Yeah yeah!!!! I got an avatar! Thanks eggplant....it's awesomesauce


----------



## veil (Jun 15, 2010)

bionic_eggplant said:


> Too many people I need to quote... But well, wow, thanks everyone!
> 
> And yes, I do requests, should anyone want one. I'll even format it and all that shit. Actually, Jen almost ended up in the last cartoon, with her "Stop cheating on me!". But I got lazy. Sorry, Jen...
> 
> ...




tiny pony says 





_pleeeeeeeease?_​


----------



## djudex (Jun 15, 2010)

bionic_eggplant said:


> And yes, I do requests, should anyone want one.



omg can I have one pleeeeeeeeeeeeeeeeeeeeeease?!?!??! :bow::bow::bow::bow::bow::bow::bow::bow::bow::bow:


----------



## Zowie (Jun 15, 2010)

Hahaha, this only gives me bragging rights. 


"So like, this internet forum I'm on, but I can't tell you which one, everyone is using these little doodles I make as their avatars!"


----------



## CastingPearls (Jun 15, 2010)

It's like a badge of honor and I'm in two!! <connekshuns: I'se gotz dem!>


----------



## stldpn (Jun 15, 2010)

JenFromOC said:


> How do you know we haven't fucked already?



see that's why you can never ever assume...


----------



## chicken legs (Jun 15, 2010)

bionic_eggplant said:


> Hahaha, this only gives me bragging rights.
> 
> 
> "So like, this internet forum I'm on, but I can't tell you which one, everyone is using these little doodles I make as their avatars!"



heheheh.....

Your comedic timing + doodle goodness = possibly a lot of peanutsnudge:happy:


----------



## stldpn (Jun 15, 2010)

bionic_eggplant said:


> Hahaha, this only gives me bragging rights.
> 
> 
> "So like, this internet forum I'm on, but I can't tell you which one, everyone is using these little doodles I make as their avatars!"





chicken legs said:


> heheheh.....
> 
> Your comedic timing + doodle goodness = possibly a lot of peanutsnudge:happy:



better question though? why can't she say which one?


----------



## LovesBigMen (Jun 15, 2010)

bionic_eggplant said:


> And yes, I do requests, should anyone want one. I'll even format it and all that shit. .

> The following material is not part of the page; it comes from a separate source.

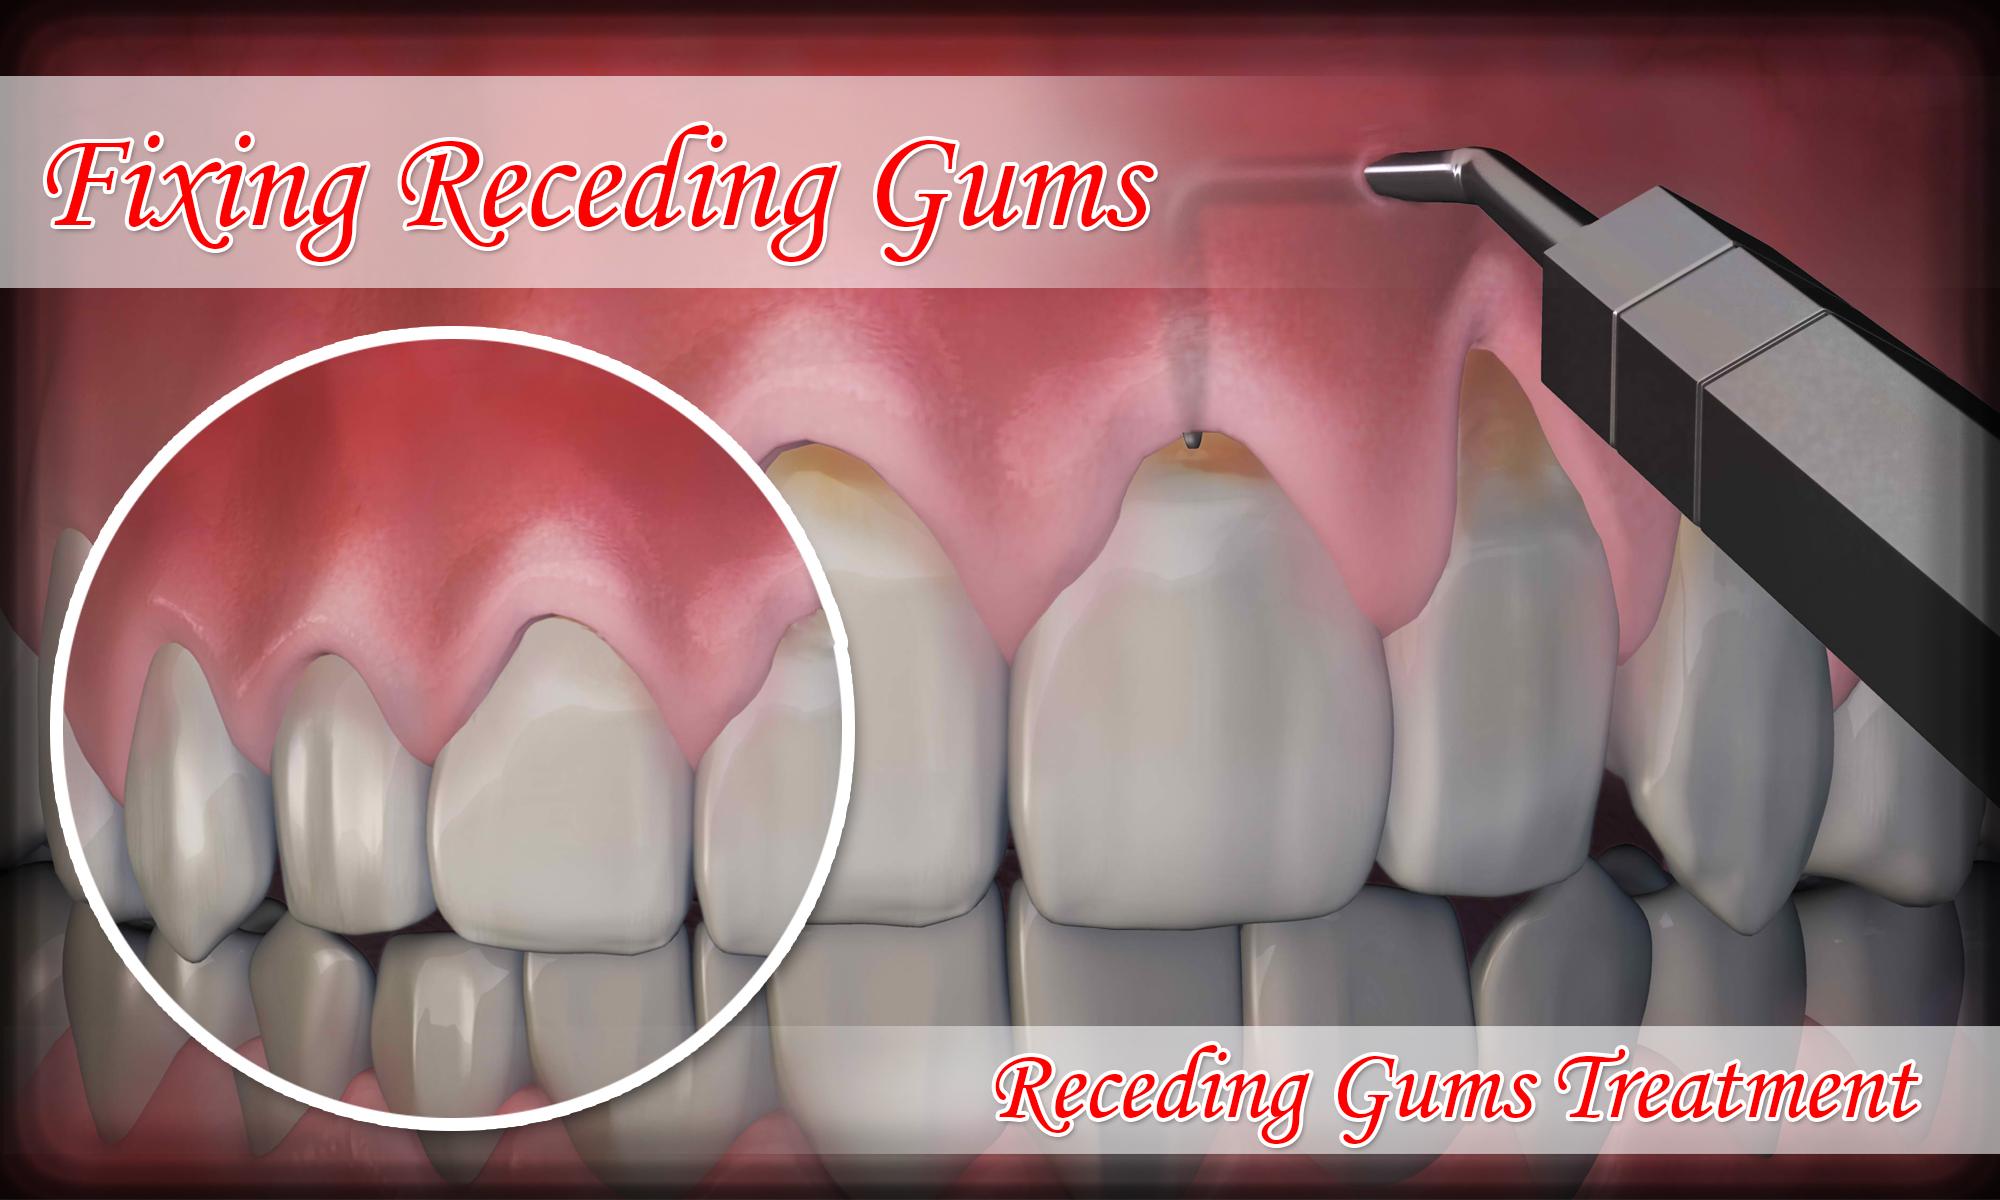 Fixing-Receding-Gums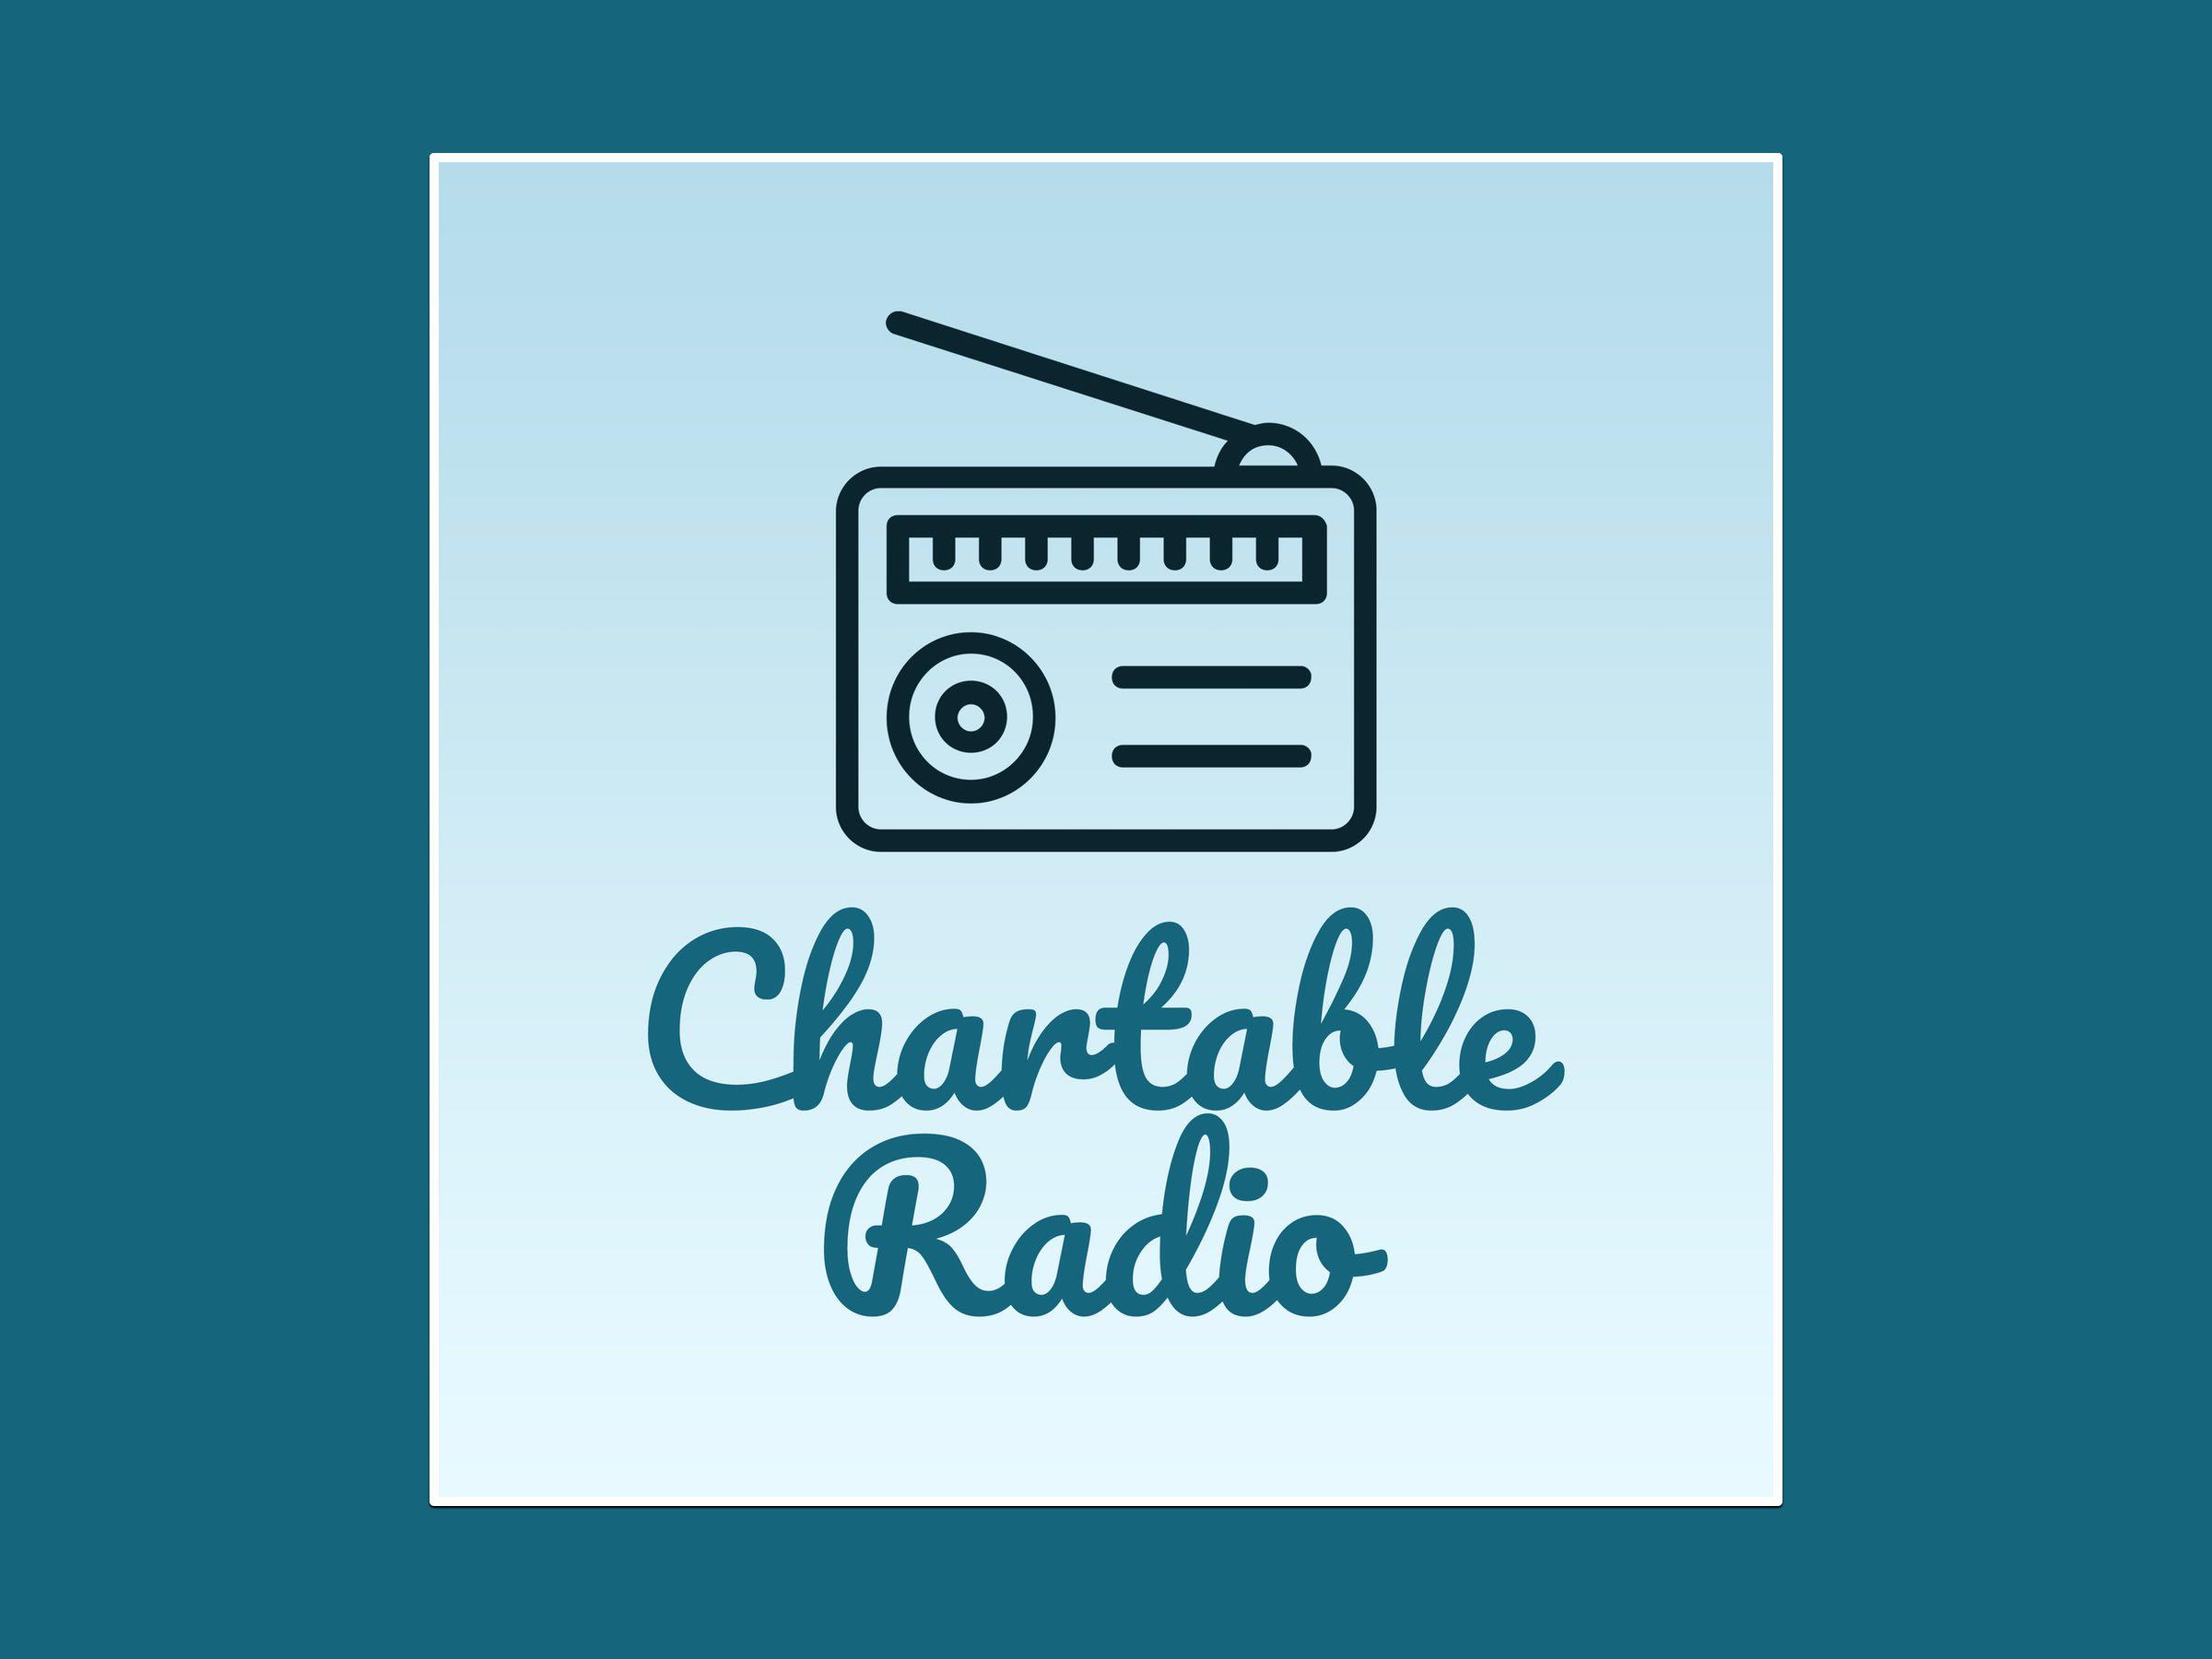 Chartable Radio

Okay okay okay, I want one too pleeeeeeeeeaaaaaaaaaasssssseeeee!!!!!!!!!!!!!!
:happy::happy::happy::happy::happy::bow::bow::bow: pretty please!


----------



## chicken legs (Jun 15, 2010)

stldpn said:


> better question though? why can't she say which one?




Are we that naughty?...**looks off into the distance with pride**


----------



## Zowie (Jun 15, 2010)

stldpn said:


> better question though? why can't she say which one?



No no, not that I'm ashamed of being here, just I don't want to explain to friends/family the whole shizzbang and that it's not a fetish and all and all.

I'm fairly certain I'm not the only person who thinks this?


----------



## JenFromOC (Jun 15, 2010)

bionic_eggplant said:


> No no, not that I'm ashamed of being here, just I don't want to explain to friends/family the whole shizzbang and that it's not a fetish and all and all.
> 
> I'm fairly certain I'm not the only person who thinks this?



My feelings exactly. I never tell anyone about Dims. It's too much to explain.


----------



## Zowie (Jun 15, 2010)

JenFromOC said:


> My feelings exactly. I never tell anyone about Dims. It's too much to explain.



Right, I mean, I could, if someone asked me directly, and go into the works of it and let them know where I stand. There's a lot of stuff on this site I'd rather not be associated with, and I wouldn't want people to think it's something I support.


Not to mention, knowing my friends, they'd just talk about it and skew it out of proportion.


----------



## Stevenz1inoc (Jun 15, 2010)

JenFromOC said:


> My feelings exactly. I never tell anyone about Dims. It's too much to explain.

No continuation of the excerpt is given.